When you say offset is a power of two, the page size is also a power of two. the storage used to encode the page size determines the range of the offset. It is a specific byte in a page. What is the range of bytes that can go in a page. Classic x86

what is the range of offsets of a 4 k page? The offsets are 0 - 4095. Another thing that you will need for the assignment, it's a question that refers to Peterson's algorithm. It doesn't work on modern machines. The big idea is the memory hierarchy. Key assumption: when one processor writes to memory the other processors will see that write, that value. Is that true in modern systems? No.

Concurrency Mechanisms:

locks condition variables Semaphores

you build all of these using the same mechanisms. Let's you check a value and change it in one atomic operation. The basic functionality of the hardware. The semantics are different in these higher level constructs. When do you use what? What are the purpose of these things? there's huge amounts of overlap. what you are talking about with these things, is that you have some sort of storage that has atomic operations so you can check it's value adn change it, all at one time (so you don't have race conditions when you manipulate the value) then you have a queue of threads.

The difference between these, is related to how you deal with the interaction between the storage and the queue of threads. IF you have a lock, grab lock, and release the lock, does releasing the lock always succeed? Yes, if you have the lock, and you release it, it always succeeds. grab lock can block. when we talk about blocking, it's going to sit there and wait for the condition to happen, nothing is going to happen to that thread until that condition is met. You often have a try lock, try lock means check to see if the lock is grabbable or not. it will grab the lock if it's available, but if it's not available it will return, it's non-blocking, because maybe you don't want to sit there and block. Most of the time you will try to grab the lock and if the lock fails, it will wait until grabbing the lock succeeds.

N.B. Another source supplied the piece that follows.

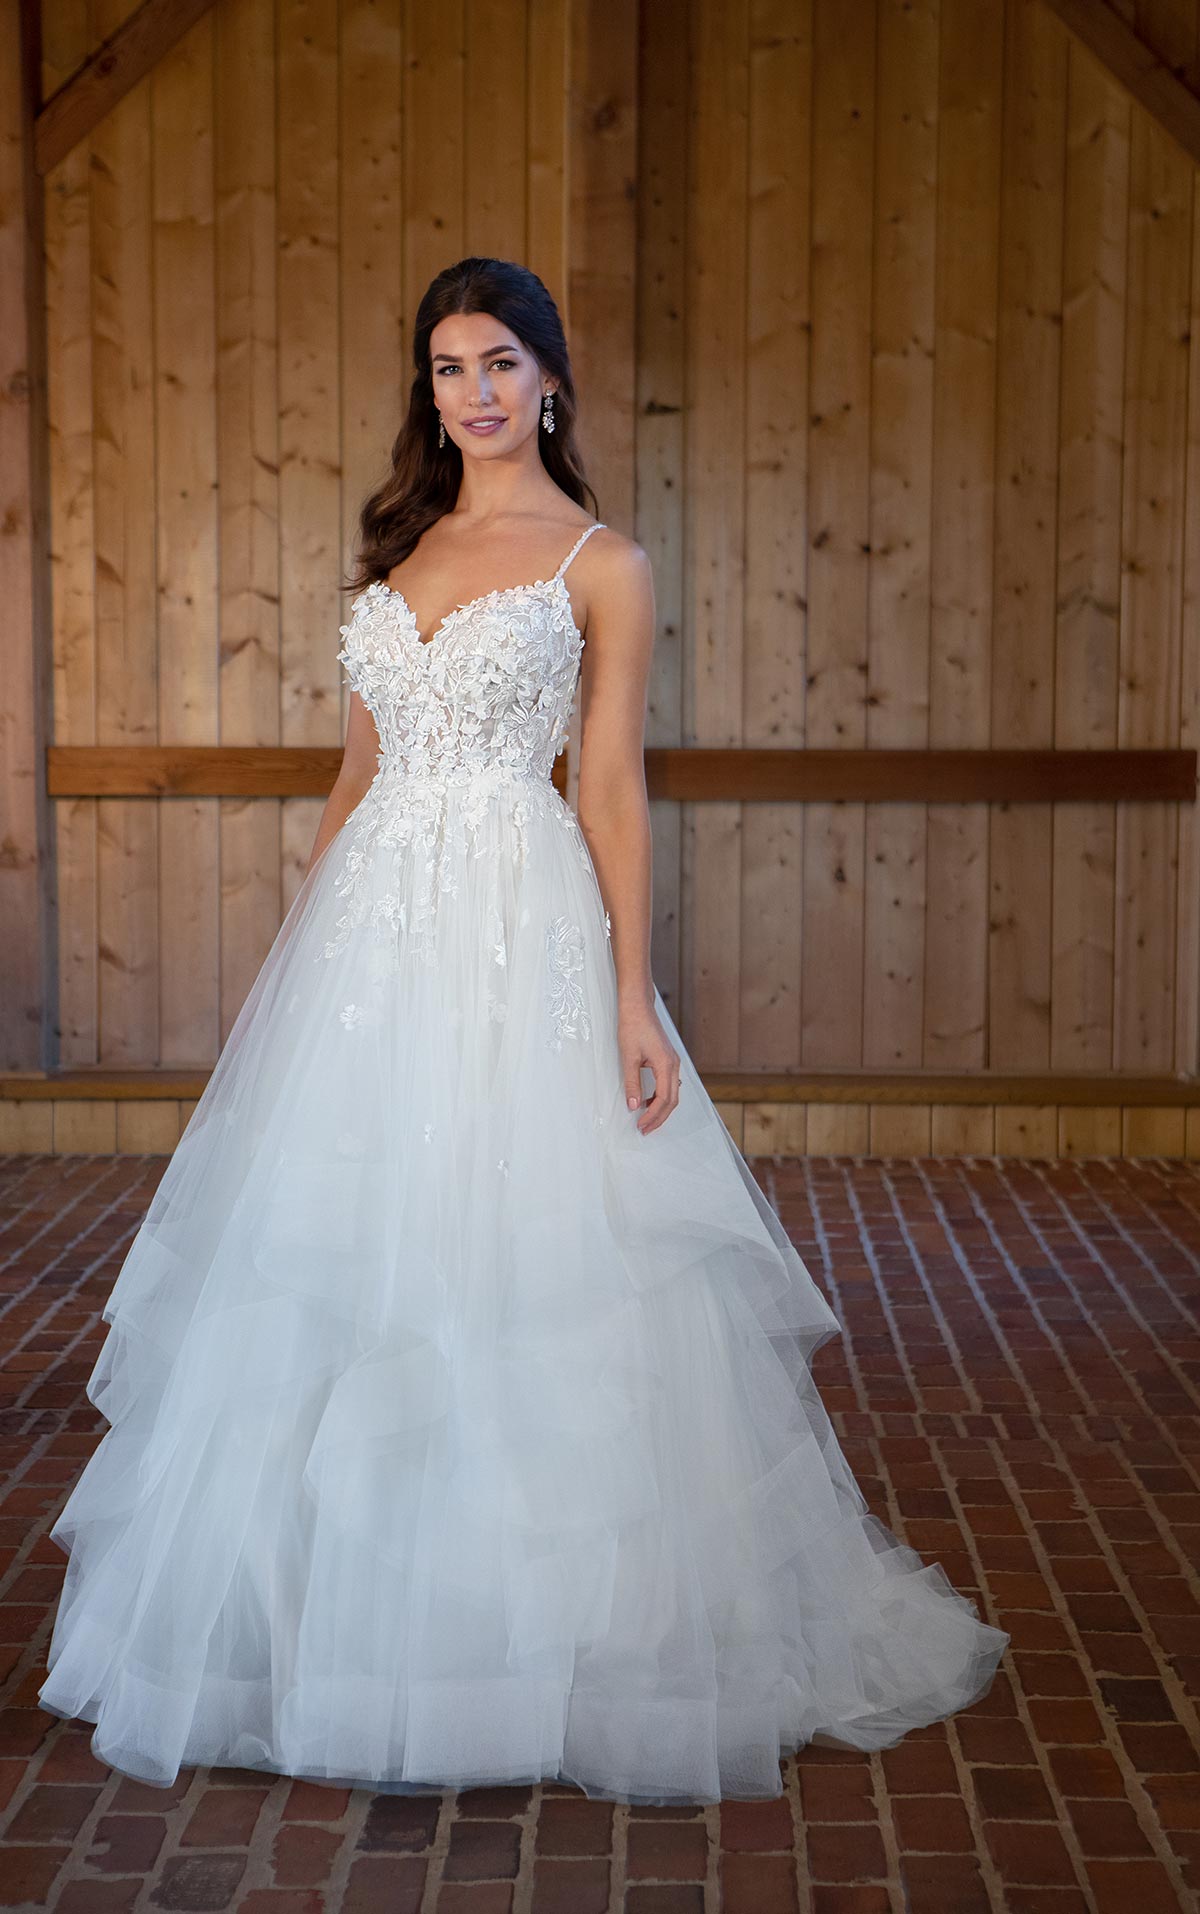 Tulle Ball Gown Wedding Dress With Sweetheart Neckline And

what if 5 processes try to grab the lock all at once, what do the rest do? they are all blocked, there are two ways for them to wait. One is to just go into an infinite loop, it just keeps trying trying trying until it succeeds. It is sometimes a good idea, this is called a spin lock. If the CPU with running the spin lock, doing nothing else, it is useless. Not very good for making use of efficient resources. You expect the time for you to wait is very small. no one is going to be using hte lock structure for very long. it's better to sit there and wait. It's like if you go to a gov't office, and you want something to happen, you will probably have to wait in line. When you are spin locking, you aresitting in the queue doing nothing. What you can also do instead is you can have a wait queue: in here we say, they queue up, they wait, you are freeing up the resources to do something else. the particular processor running the thread, it encounters things behind it, it puts that thread to sleep. what does sleep mean? Sleep means, the thread goes to sleep that implies something about the scheduling of the thread. IT is kicked off the cpu it's running on. I am not going to consume any resources right now, when you wake up, in biological terms, it's still consuming resources. It's still consuming space resources (still consuming ram, still living in cache but it is not being actively run by a core. When you say a thread yields, I don't need this CPU anymore. when you call sleep you are making a system call that says, I don't want to do anything for at least 10 seconds. You are taken out of the list of running processes, you are put on the list of block processes, and you wait for the timer to go off. Then your process is brought back in and is allowed to run. It depends on the time of the CPU. In general you should sleep at least for that amount of time.